### Exercise directions
What you write must match the records exactly, except for the images, which are left out.

Recorded information Start Marker

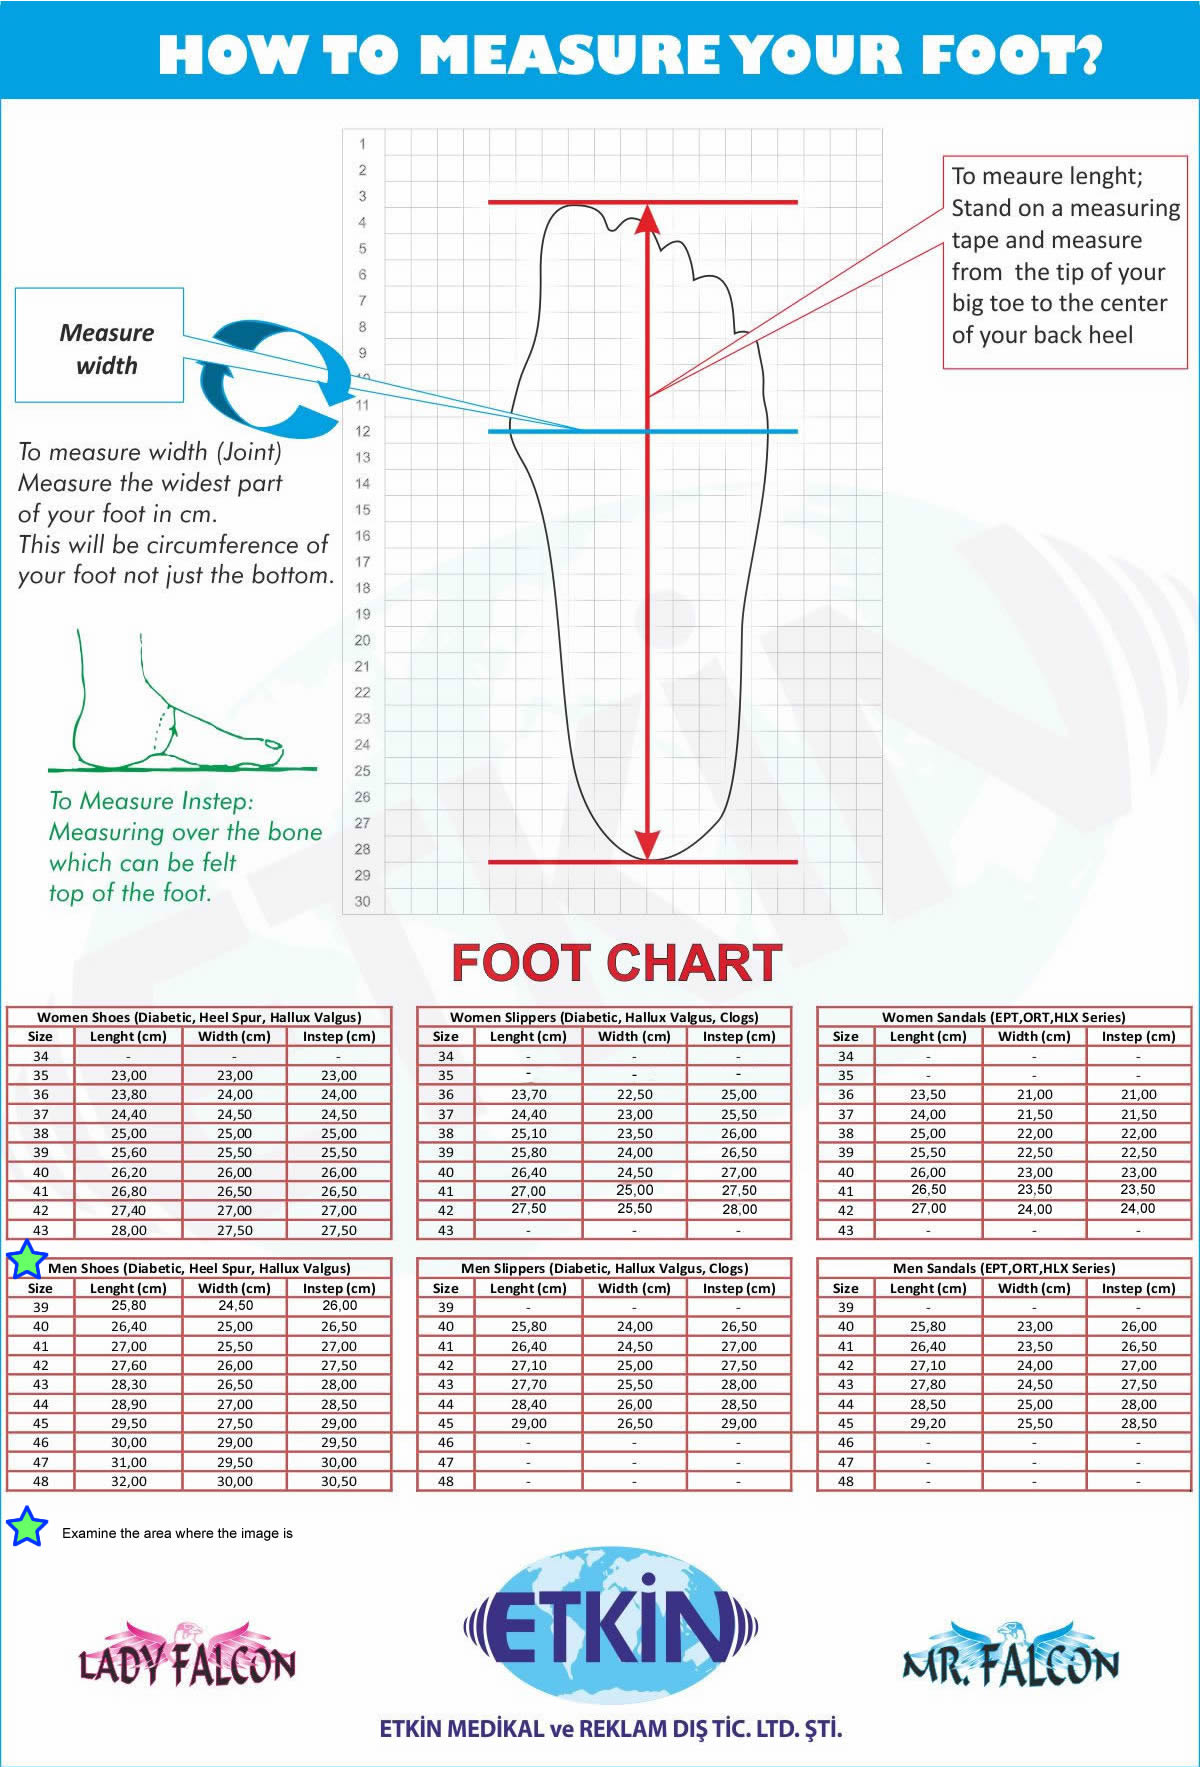 Mens shoes for diabetic patients chart
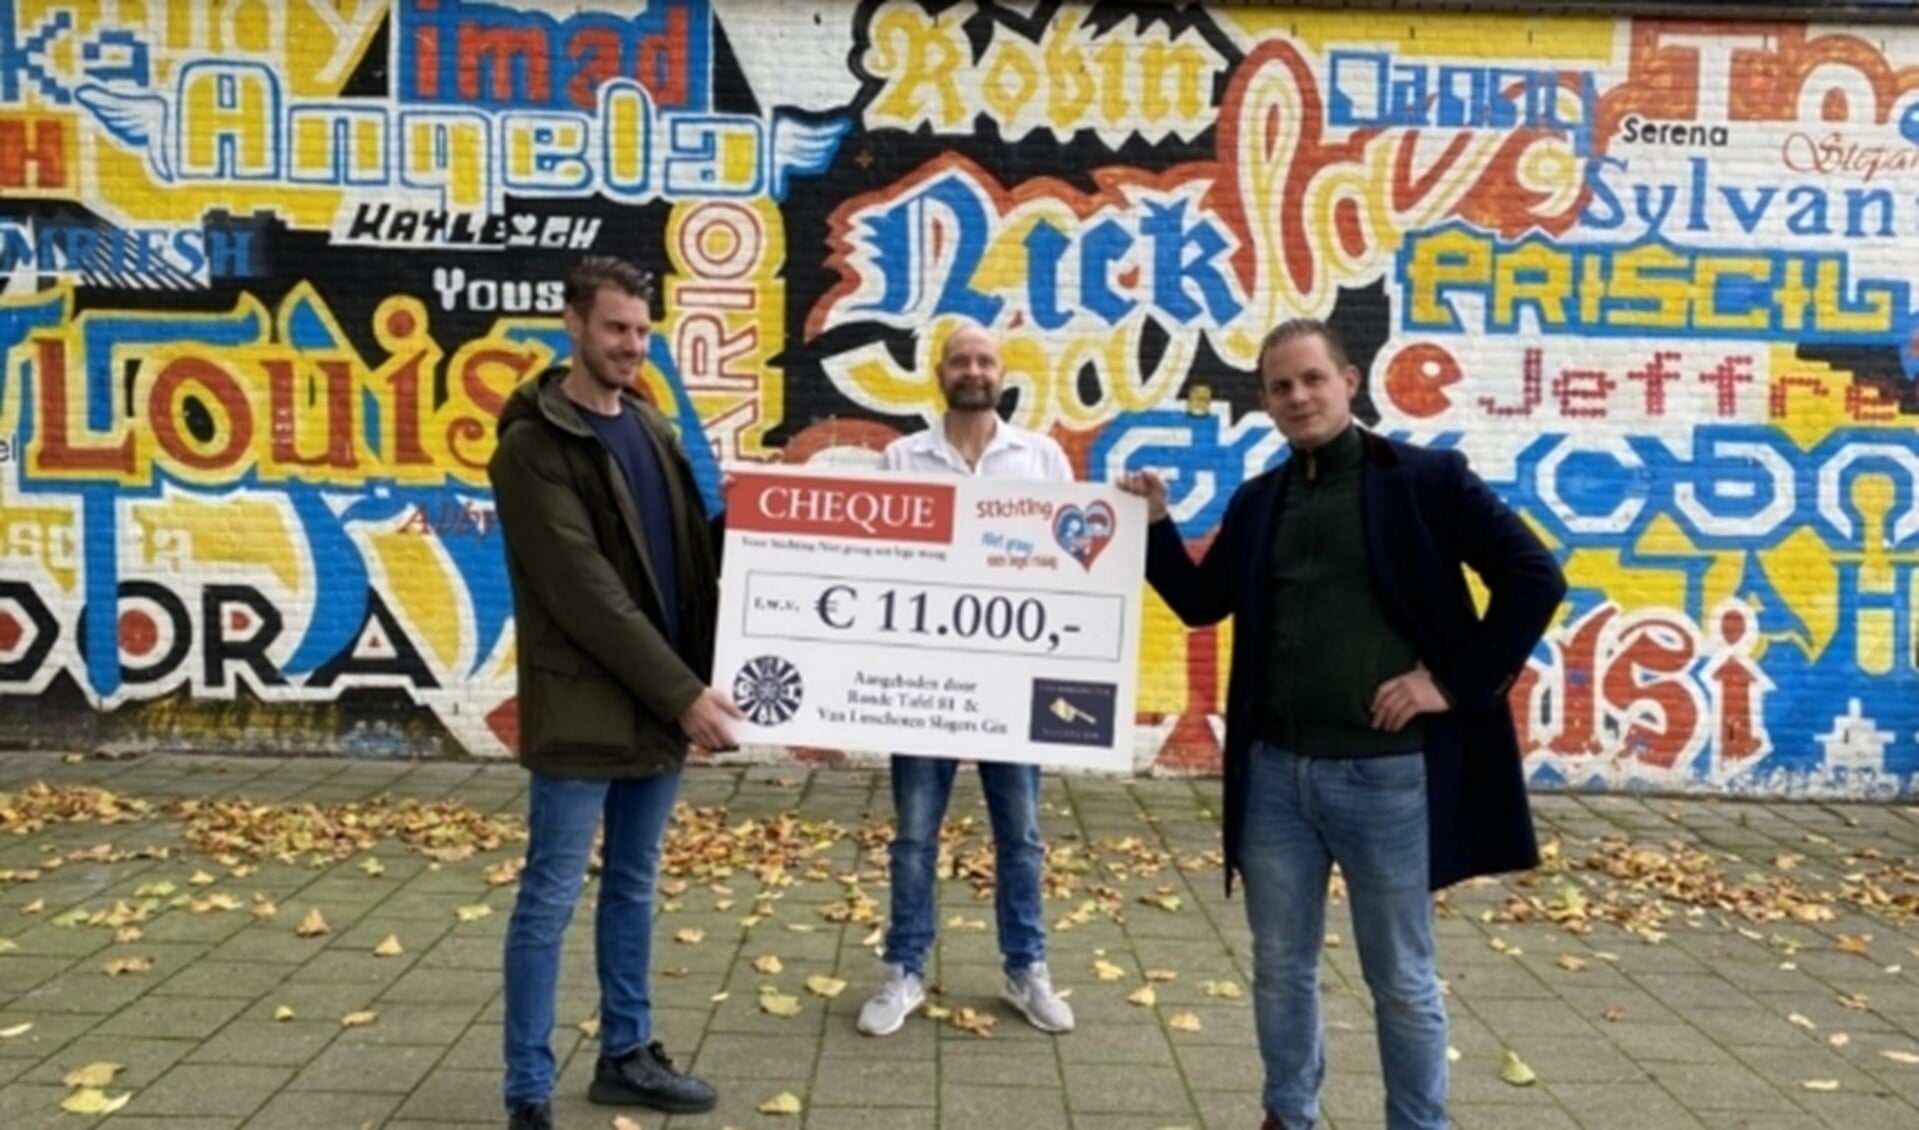 Gebroeders Hubert (links) en David (rechts) Van Linschoten bieden Johan Muurlink (midden) een cheque ter waarde van 11.000 euro aan voor zijn stichting Niet Graag een Lege Maag. 
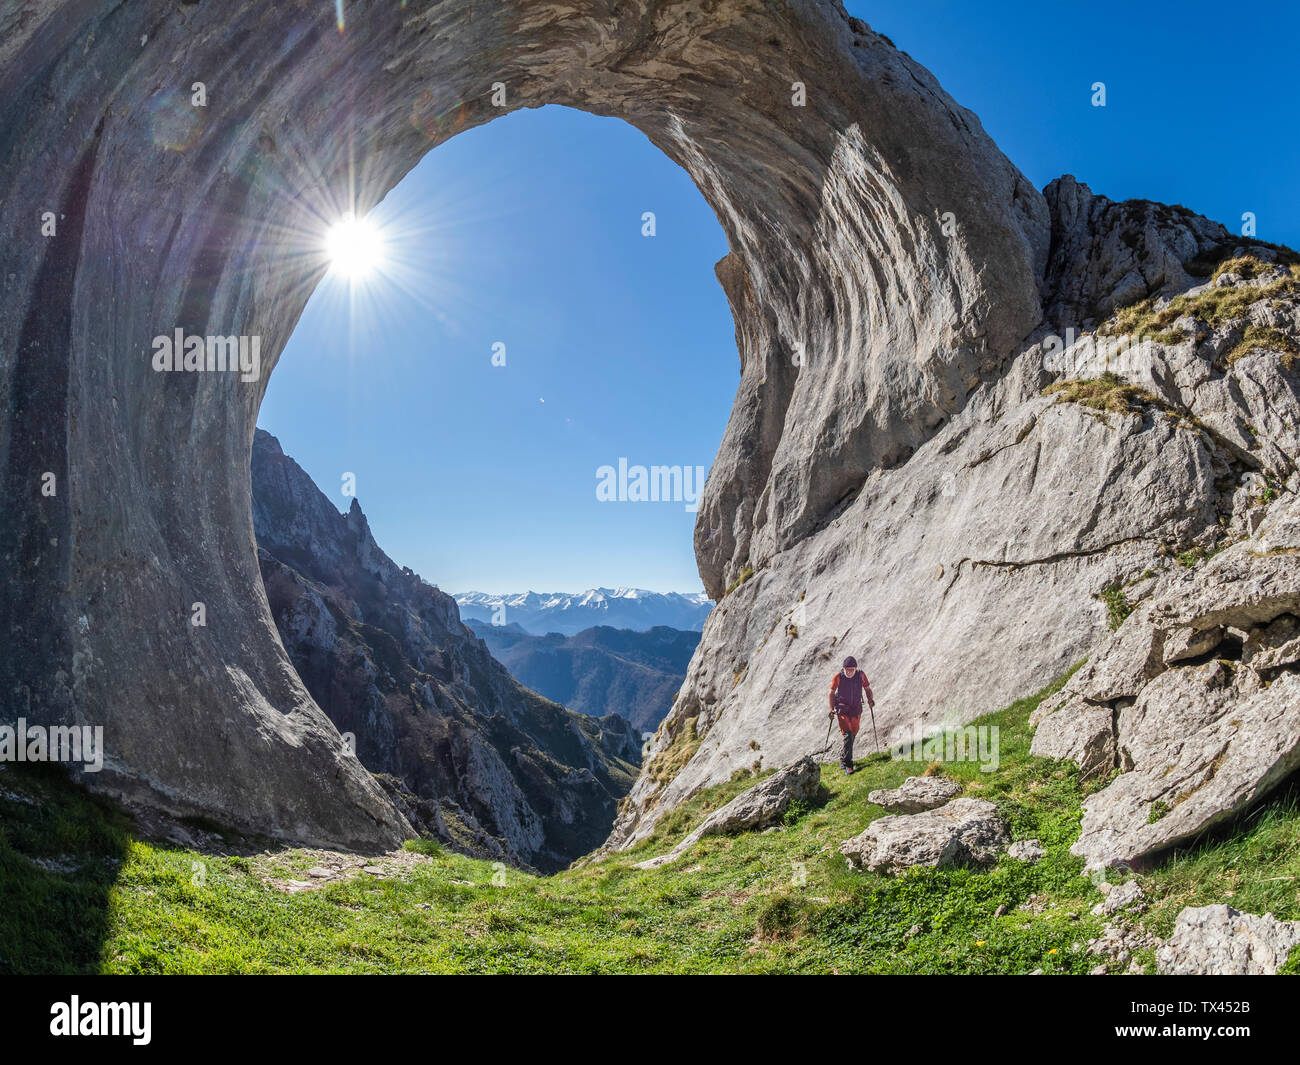 Spain, Asturia, Pena Mea, Ojo de buey, hiker against the sun Stock Photo
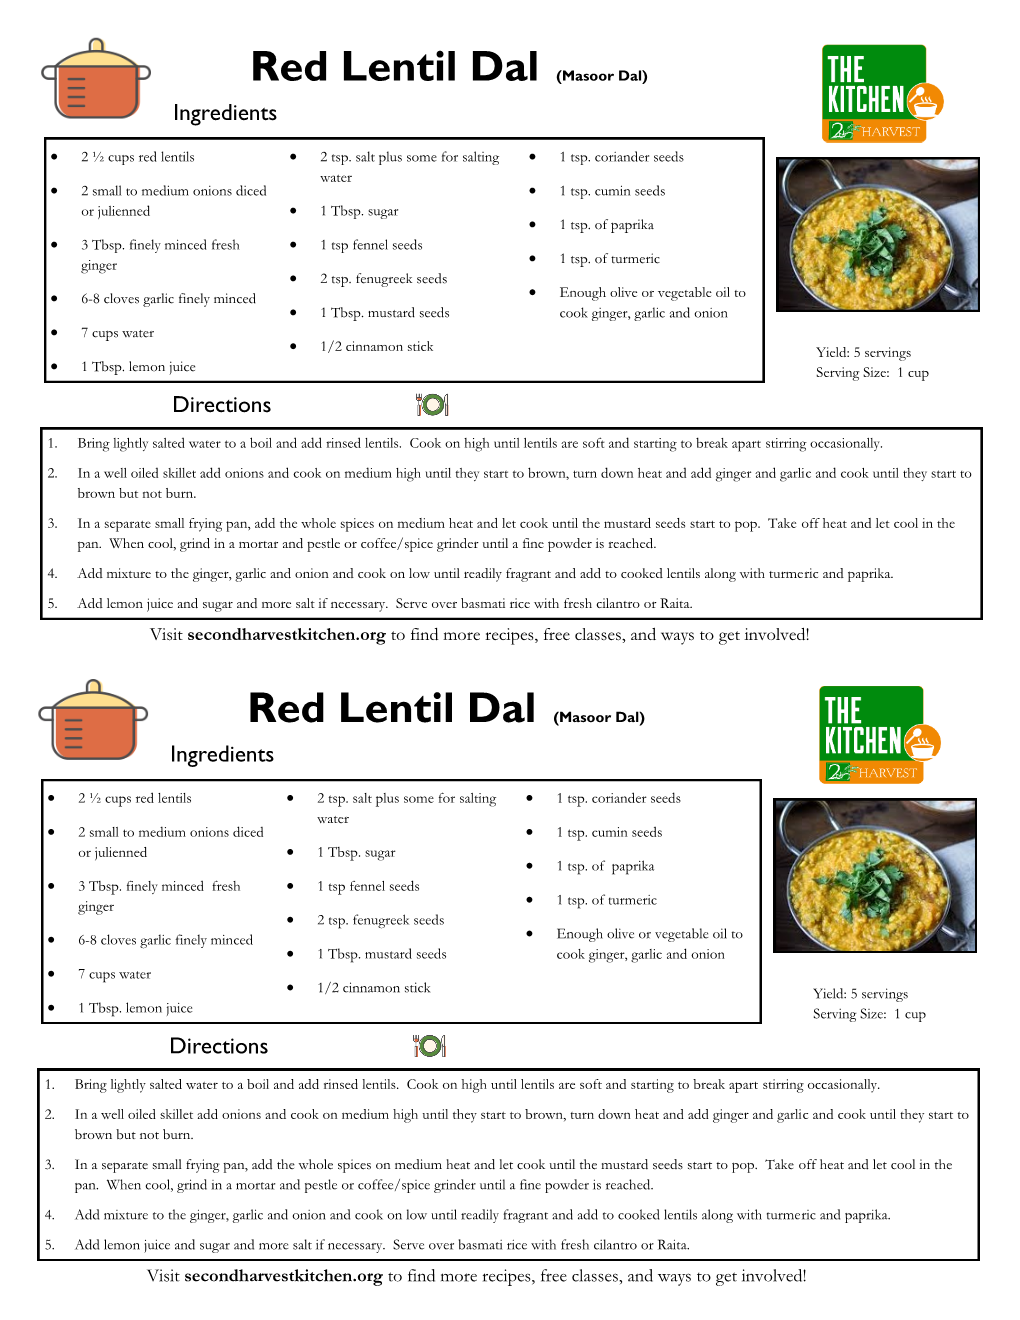 Red Lentil Dal (Masoor Dal) Ingredients
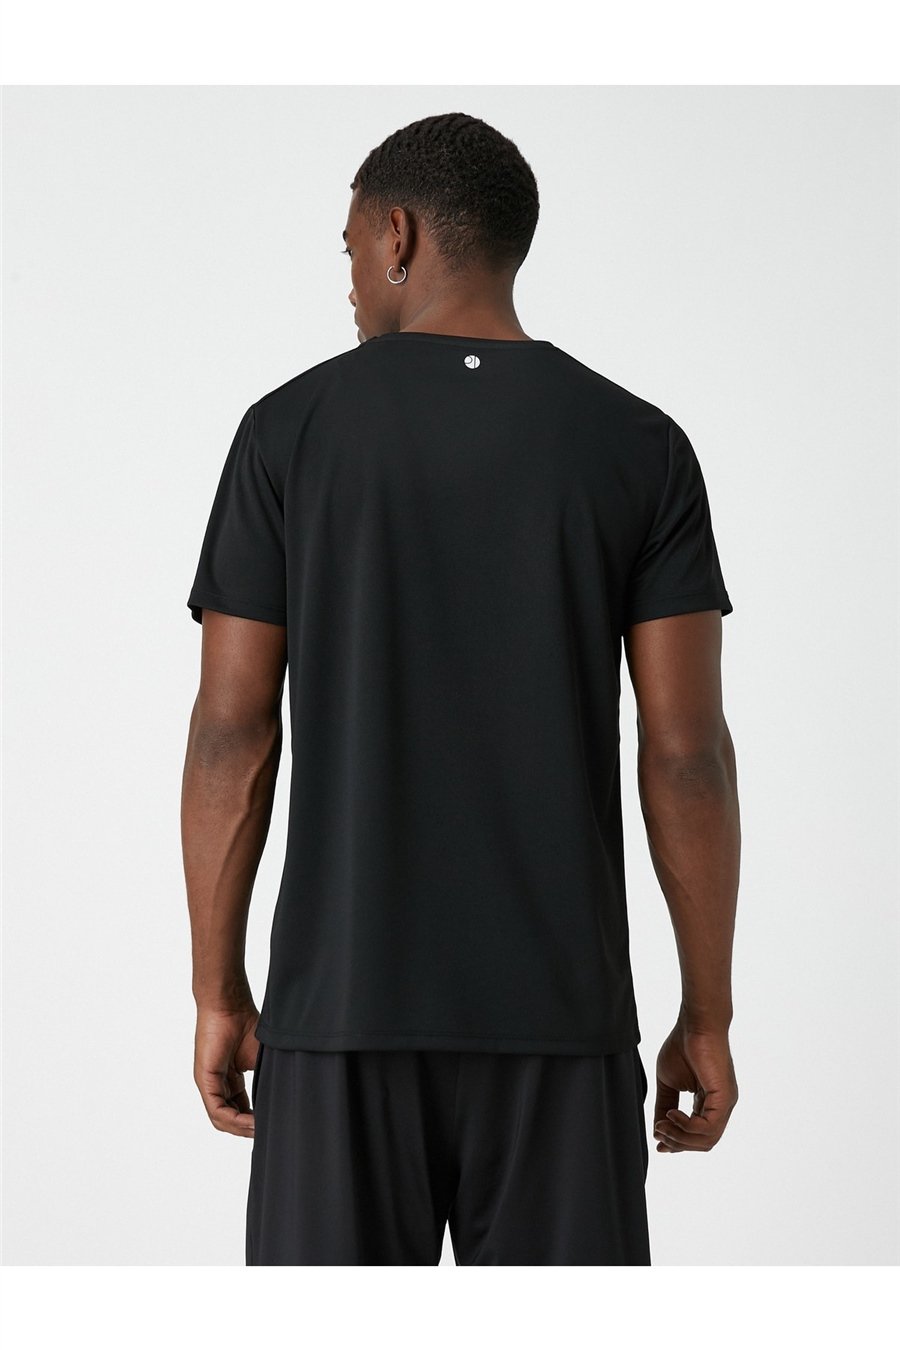 Koton 3Wam10071Nk Siyah 999 Erkek Polyester Jersey T-Shirt

Recorded information End Marker

### Response area
 Mens shoes for diabetic patients chart
 Gebroeders Hubert (links) en David (rechts) Van Linschoten bieden Johan Muurlink (midden) een cheque ter waarde van 11.000 euro aan voor zijn stichting Niet Graag een Lege Maag. 
 Spain, Asturia, Pena Mea, Ojo de buey, hiker against the sun Stock Photo
 Red Lentil Dal (Masoor Dal) Ingredients
 Koton 3Wam10071Nk Siyah 999 Erkek Polyester Jersey T-Shirt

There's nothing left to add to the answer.